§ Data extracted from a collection
══════
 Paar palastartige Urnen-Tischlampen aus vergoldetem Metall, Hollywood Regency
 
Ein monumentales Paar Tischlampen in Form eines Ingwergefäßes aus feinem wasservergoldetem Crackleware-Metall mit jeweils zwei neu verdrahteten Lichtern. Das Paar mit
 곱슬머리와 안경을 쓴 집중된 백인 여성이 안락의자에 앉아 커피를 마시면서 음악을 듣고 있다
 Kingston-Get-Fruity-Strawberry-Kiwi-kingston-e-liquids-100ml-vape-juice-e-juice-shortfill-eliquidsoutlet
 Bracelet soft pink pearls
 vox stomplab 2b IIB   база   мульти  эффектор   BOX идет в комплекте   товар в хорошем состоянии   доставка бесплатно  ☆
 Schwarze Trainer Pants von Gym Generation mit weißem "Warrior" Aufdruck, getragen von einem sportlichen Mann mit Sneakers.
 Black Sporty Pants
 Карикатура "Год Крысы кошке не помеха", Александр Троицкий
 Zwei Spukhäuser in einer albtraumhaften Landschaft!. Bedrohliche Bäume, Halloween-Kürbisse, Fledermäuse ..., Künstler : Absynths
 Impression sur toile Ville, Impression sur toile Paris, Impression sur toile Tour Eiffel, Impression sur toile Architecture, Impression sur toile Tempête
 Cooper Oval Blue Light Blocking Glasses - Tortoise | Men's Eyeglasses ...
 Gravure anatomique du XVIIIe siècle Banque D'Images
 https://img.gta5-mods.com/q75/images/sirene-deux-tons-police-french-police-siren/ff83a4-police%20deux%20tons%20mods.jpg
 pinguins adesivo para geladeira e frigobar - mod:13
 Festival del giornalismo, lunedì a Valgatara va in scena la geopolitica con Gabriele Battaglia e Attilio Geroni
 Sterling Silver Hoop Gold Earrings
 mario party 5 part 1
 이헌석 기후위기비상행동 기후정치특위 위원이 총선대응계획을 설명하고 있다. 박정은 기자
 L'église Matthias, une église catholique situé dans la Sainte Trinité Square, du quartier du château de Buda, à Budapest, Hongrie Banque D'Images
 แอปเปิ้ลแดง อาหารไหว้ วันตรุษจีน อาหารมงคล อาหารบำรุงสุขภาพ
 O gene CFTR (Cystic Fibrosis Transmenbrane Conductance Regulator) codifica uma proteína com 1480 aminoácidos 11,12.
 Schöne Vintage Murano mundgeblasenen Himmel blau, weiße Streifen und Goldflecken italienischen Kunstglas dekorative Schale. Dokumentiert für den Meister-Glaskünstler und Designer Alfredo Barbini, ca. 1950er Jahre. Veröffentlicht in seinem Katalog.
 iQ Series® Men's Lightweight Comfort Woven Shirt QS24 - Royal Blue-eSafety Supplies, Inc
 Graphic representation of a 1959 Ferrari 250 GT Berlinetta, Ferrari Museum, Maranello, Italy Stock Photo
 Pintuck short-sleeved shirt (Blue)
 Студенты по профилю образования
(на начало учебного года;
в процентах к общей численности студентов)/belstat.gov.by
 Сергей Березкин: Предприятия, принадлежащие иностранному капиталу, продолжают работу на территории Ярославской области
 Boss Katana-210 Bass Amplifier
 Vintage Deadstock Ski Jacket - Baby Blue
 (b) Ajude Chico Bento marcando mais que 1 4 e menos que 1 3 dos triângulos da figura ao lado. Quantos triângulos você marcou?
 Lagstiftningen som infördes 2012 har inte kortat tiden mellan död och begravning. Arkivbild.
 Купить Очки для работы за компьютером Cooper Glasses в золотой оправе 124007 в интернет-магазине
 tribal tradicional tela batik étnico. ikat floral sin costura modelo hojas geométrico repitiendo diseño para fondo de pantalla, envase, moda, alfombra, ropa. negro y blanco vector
══════
§ What you will do
Emit verbatim the lines running from the one with "Sterling Silver Hoop Gold Earrings" through the last line of the data, both endpoints inclusive.

§ Solution
 Sterling Silver Hoop Gold Earrings
 mario party 5 part 1
 이헌석 기후위기비상행동 기후정치특위 위원이 총선대응계획을 설명하고 있다. 박정은 기자
 L'église Matthias, une église catholique situé dans la Sainte Trinité Square, du quartier du château de Buda, à Budapest, Hongrie Banque D'Images
 แอปเปิ้ลแดง อาหารไหว้ วันตรุษจีน อาหารมงคล อาหารบำรุงสุขภาพ
 O gene CFTR (Cystic Fibrosis Transmenbrane Conductance Regulator) codifica uma proteína com 1480 aminoácidos 11,12.
 Schöne Vintage Murano mundgeblasenen Himmel blau, weiße Streifen und Goldflecken italienischen Kunstglas dekorative Schale. Dokumentiert für den Meister-Glaskünstler und Designer Alfredo Barbini, ca. 1950er Jahre. Veröffentlicht in seinem Katalog.
 iQ Series® Men's Lightweight Comfort Woven Shirt QS24 - Royal Blue-eSafety Supplies, Inc
 Graphic representation of a 1959 Ferrari 250 GT Berlinetta, Ferrari Museum, Maranello, Italy Stock Photo
 Pintuck short-sleeved shirt (Blue)
 Студенты по профилю образования
(на начало учебного года;
в процентах к общей численности студентов)/belstat.gov.by
 Сергей Березкин: Предприятия, принадлежащие иностранному капиталу, продолжают работу на территории Ярославской области
 Boss Katana-210 Bass Amplifier
 Vintage Deadstock Ski Jacket - Baby Blue
 (b) Ajude Chico Bento marcando mais que 1 4 e menos que 1 3 dos triângulos da figura ao lado. Quantos triângulos você marcou?
 Lagstiftningen som infördes 2012 har inte kortat tiden mellan död och begravning. Arkivbild.
 Купить Очки для работы за компьютером Cooper Glasses в золотой оправе 124007 в интернет-магазине
 tribal tradicional tela batik étnico. ikat floral sin costura modelo hojas geométrico repitiendo diseño para fondo de pantalla, envase, moda, alfombra, ropa. negro y blanco vector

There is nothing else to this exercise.